Thursday’s Grassroots Semi-finals at Mohawk Racetrack will mark a rare first for members of a harness racing family that stretches back four generations.
Brothers Sean and John Mehlenbacher will send out their first Ontario Sires Stakes post-season contender on Thursday’s program. Two-year-old pacing filly Daenerys Hanover heads into the $20,000 Semi-final ranked sixth in the division standings with 110 points earned from two wins, one fourth and one seventh-place finish in four regular season Grassroots outings.
“She got to the races a little late, but since she’s been there she’s been getting a little better every start,” said Sean Mehlenbacher, who trains the filly for his brother John.
The daughter of Camluck and Dragon Moon was a $12,000 purchase from the 2015 Harrisburg Yearling Sale, and Mehlenbacher says her diminutive size made her an economical acquisition in a record-setting sales year for Ontario Sired yearlings.
“My brother, John Mehlenbacher, and my father Jack, they actually went down and picked her out. She was a little small, which was probably a lot of the reason why she went for just $12,000 American,” said the Hamilton, Ont. resident. “We gave her a lot of time to develop, she grew a little bit, that’s why she got to the races late, and then she was a little sick right when I was set to qualify her, but since then she’s gotten healthy, she’s grown and she’s been racing very good.”

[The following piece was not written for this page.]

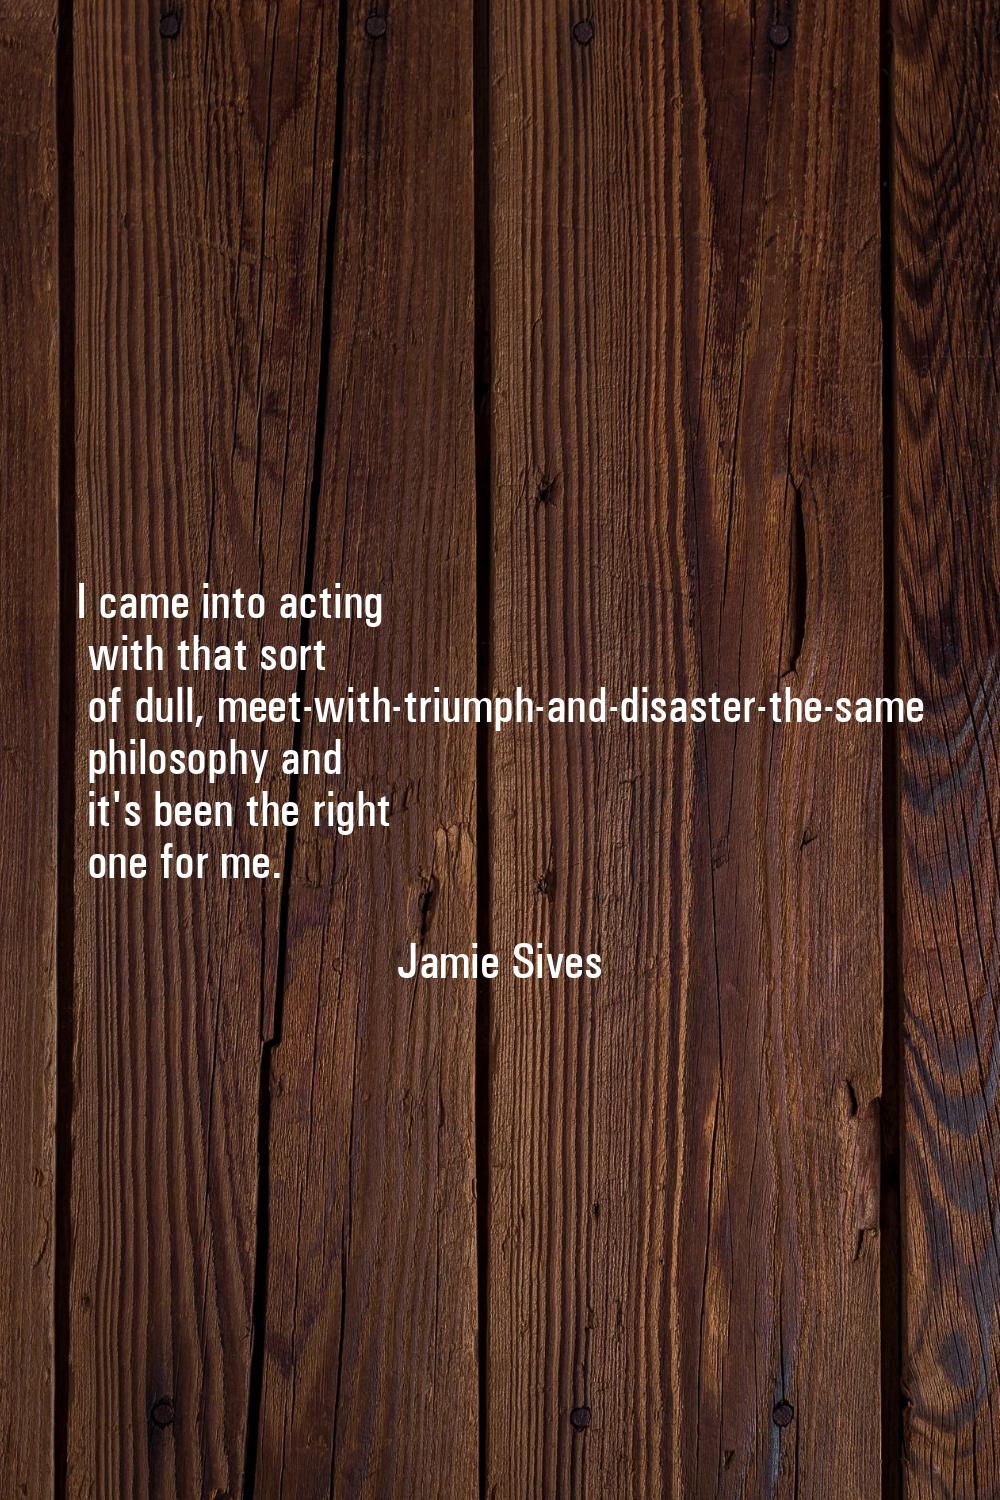 I came into acting with that sort of dull, meet-with-triumph-and-disaster-the-same philosophy and i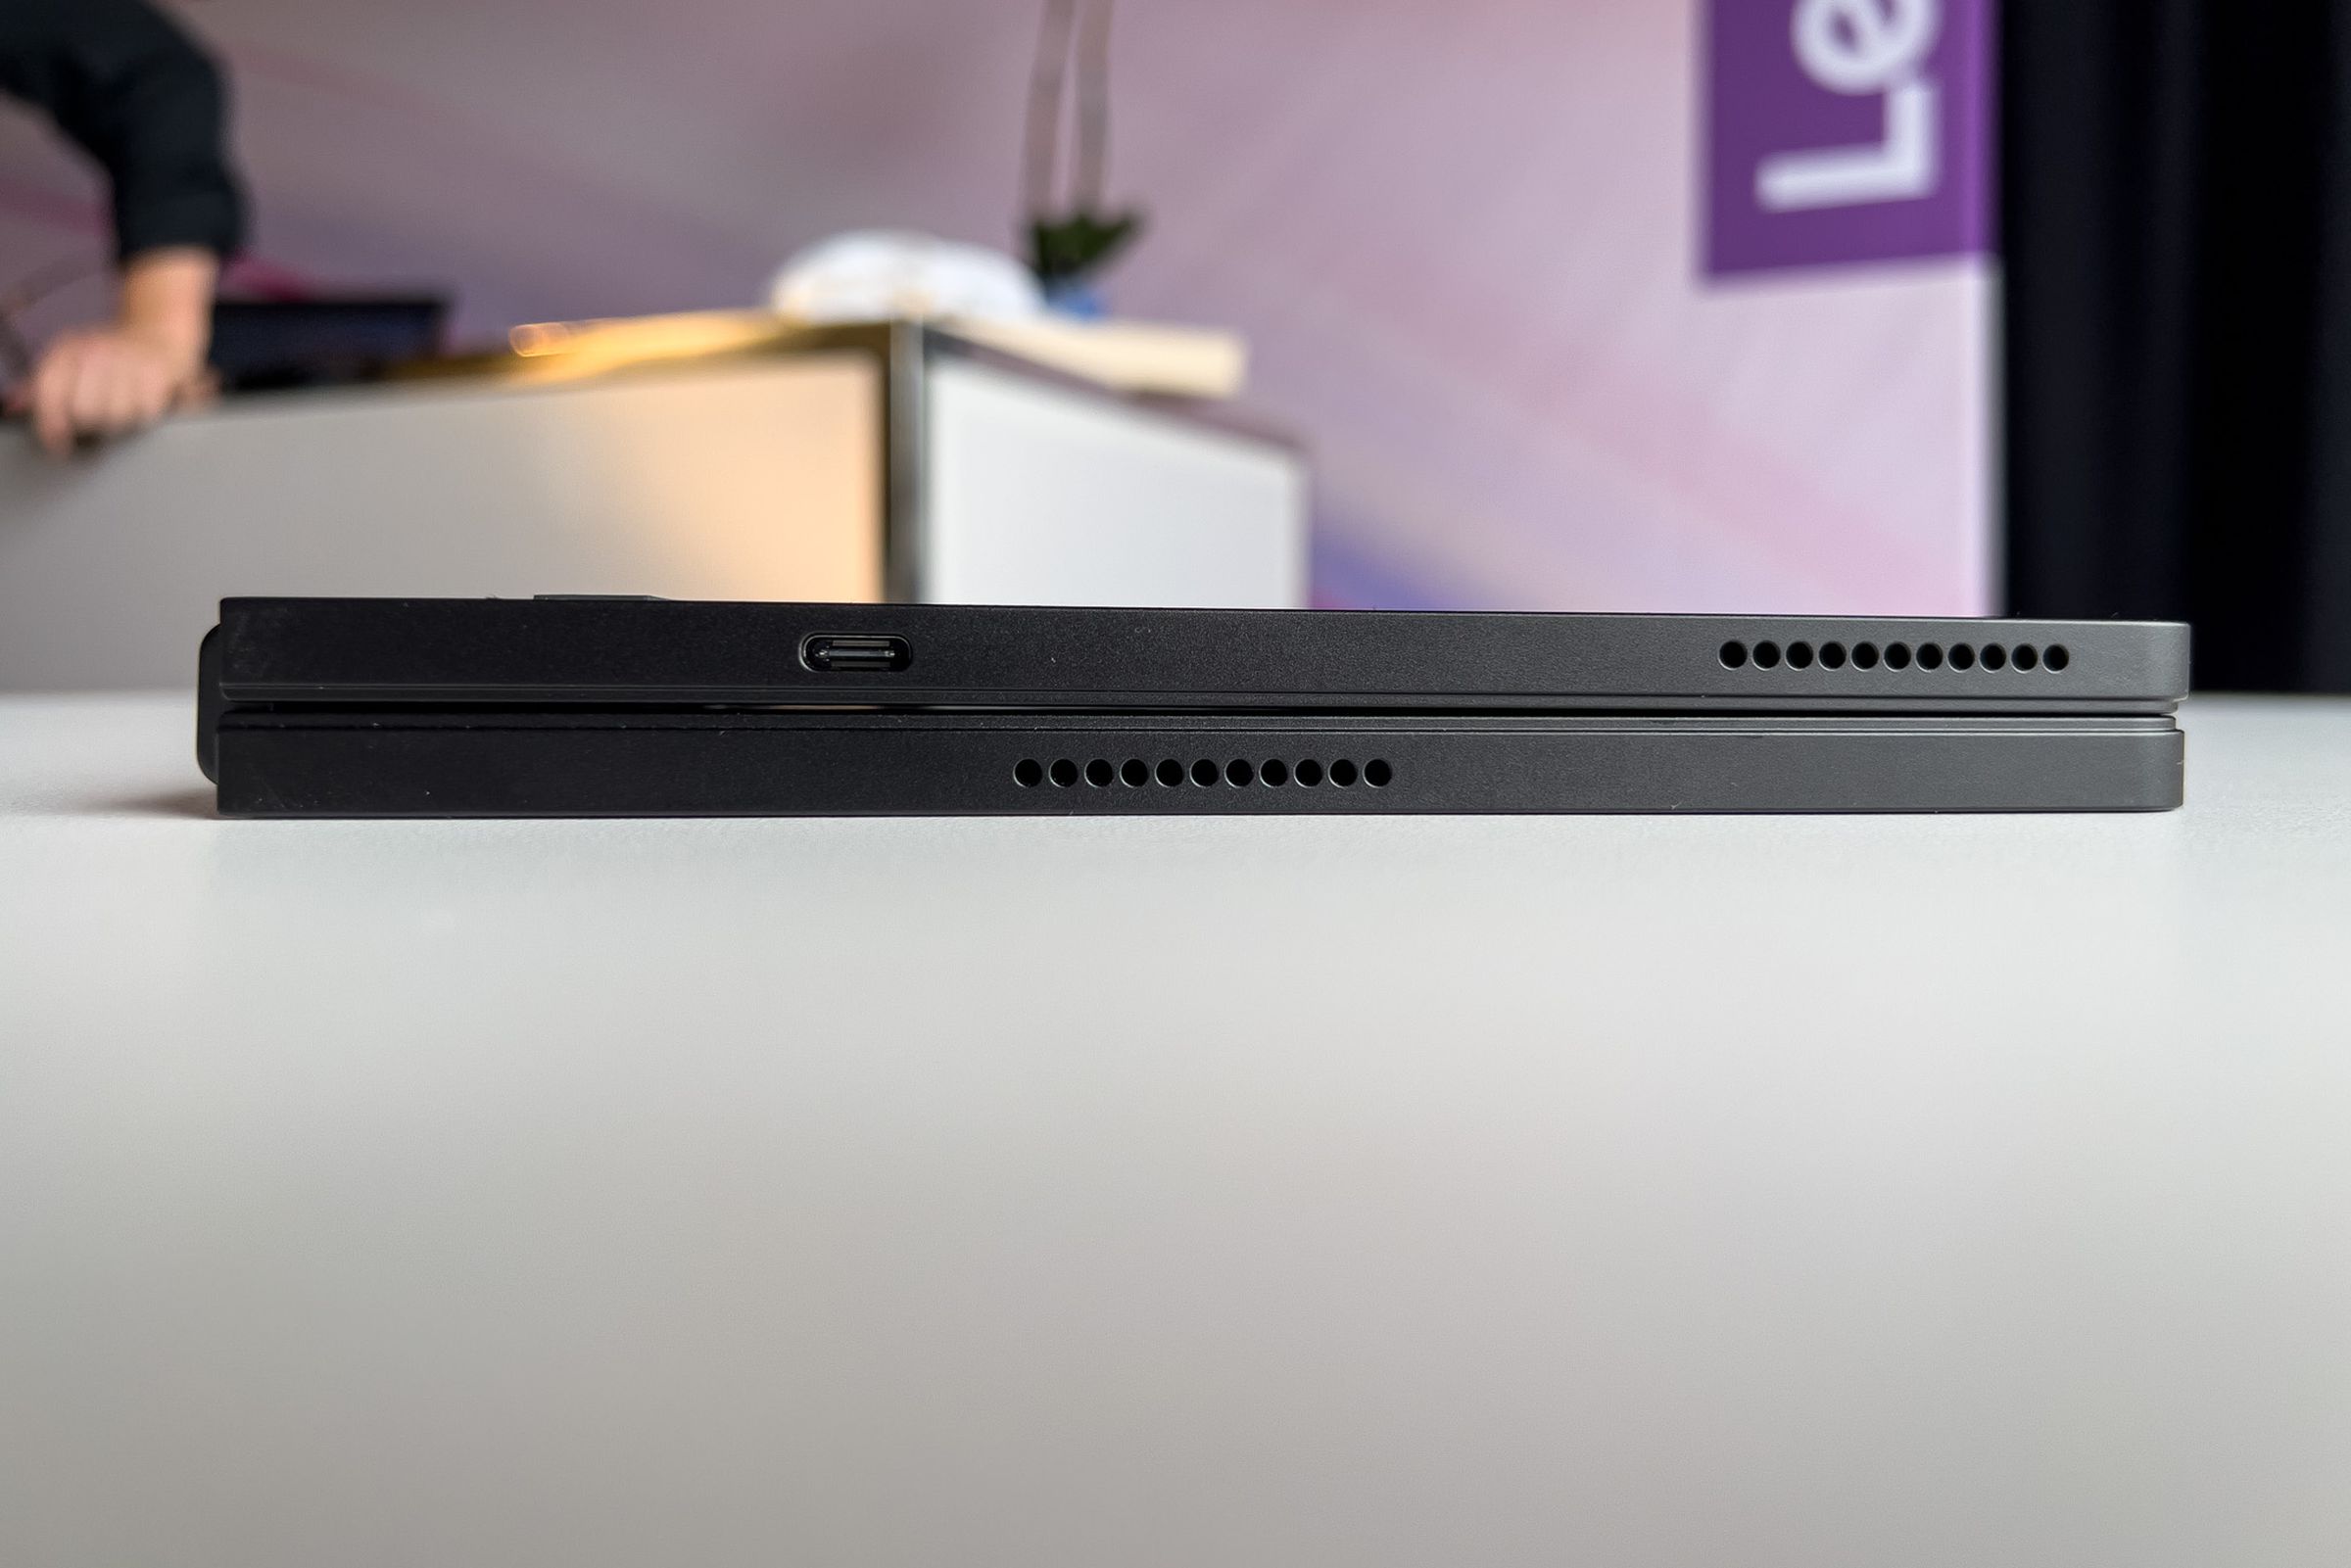 The Lenovo ThinkPad X1 Fold seen from the bottom, closed, in a demo area.

The purchase of an Ontario Sired yearling marked a departure from the brothers’ recent endeavours, which have seen them concentrating more on claimers and overnight horses, along with a few American-bred young horses that they placed in the care of US-based trainers.
“It’s something that we’re kind of getting into a little more,” said Mehlenbacher. “A lot of the babies that we were buying, through my owners and my stable, were American-breds that we would send down to, Linda Toscano had a bunch of them there for a while and Rene Allard has a few of them, but now we’re into a little bit more of the Ontario program.
“We bought one this year that was Ontario-bred, and we’ve already looked at three or four more at the sales this fall,” the trainer continued. “It’s something that we’re going to get into a little more as the years progress here.”
Mehlenbacher added that John, who makes his home in Burlington, Ont., currently has a trotting filly he retained for breeding and has speculated about Daenerys Hanover’s broodmare potential.
The filly, who has banked $21,120 through her first five starts, could boost her chances for a post-racing career with a top five finish in Thursday’s Semi-final. The top five finishers from each of the Semi-finals will return to Mohawk for the $50,000 Grassroots Championship on Sept. 24. Thornton, Ont. resident Aaron Byron, who piloted Daenerys Hanover to victory in the Sept. 8 Grassroots event at Flamboro Downs, will steer the filly from Post 7 in the eleventh race.
“She actually won her first OSS, in her second lifetime start, at Mohawk from the eight-hole,” noted Mehlenbacher. “It doesn’t bother her really what hole, she can get spotted away very good, and she’s good off the pace, and she’s good near the front too.
“You can use her more than once in a mile, which I really like about her, she’s not just a one move horse,” he added. “And she tries very hard, that’s one of the really big advantages with her.”
Daenerys Hanover and her peers in the eleventh race will wrap up the evening’s Semi-final action, which gets under way in the first race. The two-year-old trotting fillies kick things off in Race 1 and will also battle in Race 6. The two-year-old pacing colts compete in Races 2 and 4, the trotting colts in Races 3 and 8 and the freshman pacing fillies wrap things up in Races 9 and 11.
Mohawk Racetrack will send the first race in behind the gate at 7:30 pm on Thursday, and on Friday evening the Campbellville oval will welcome the three-year-old pacers and trotters for their Grassroots Semi-finals.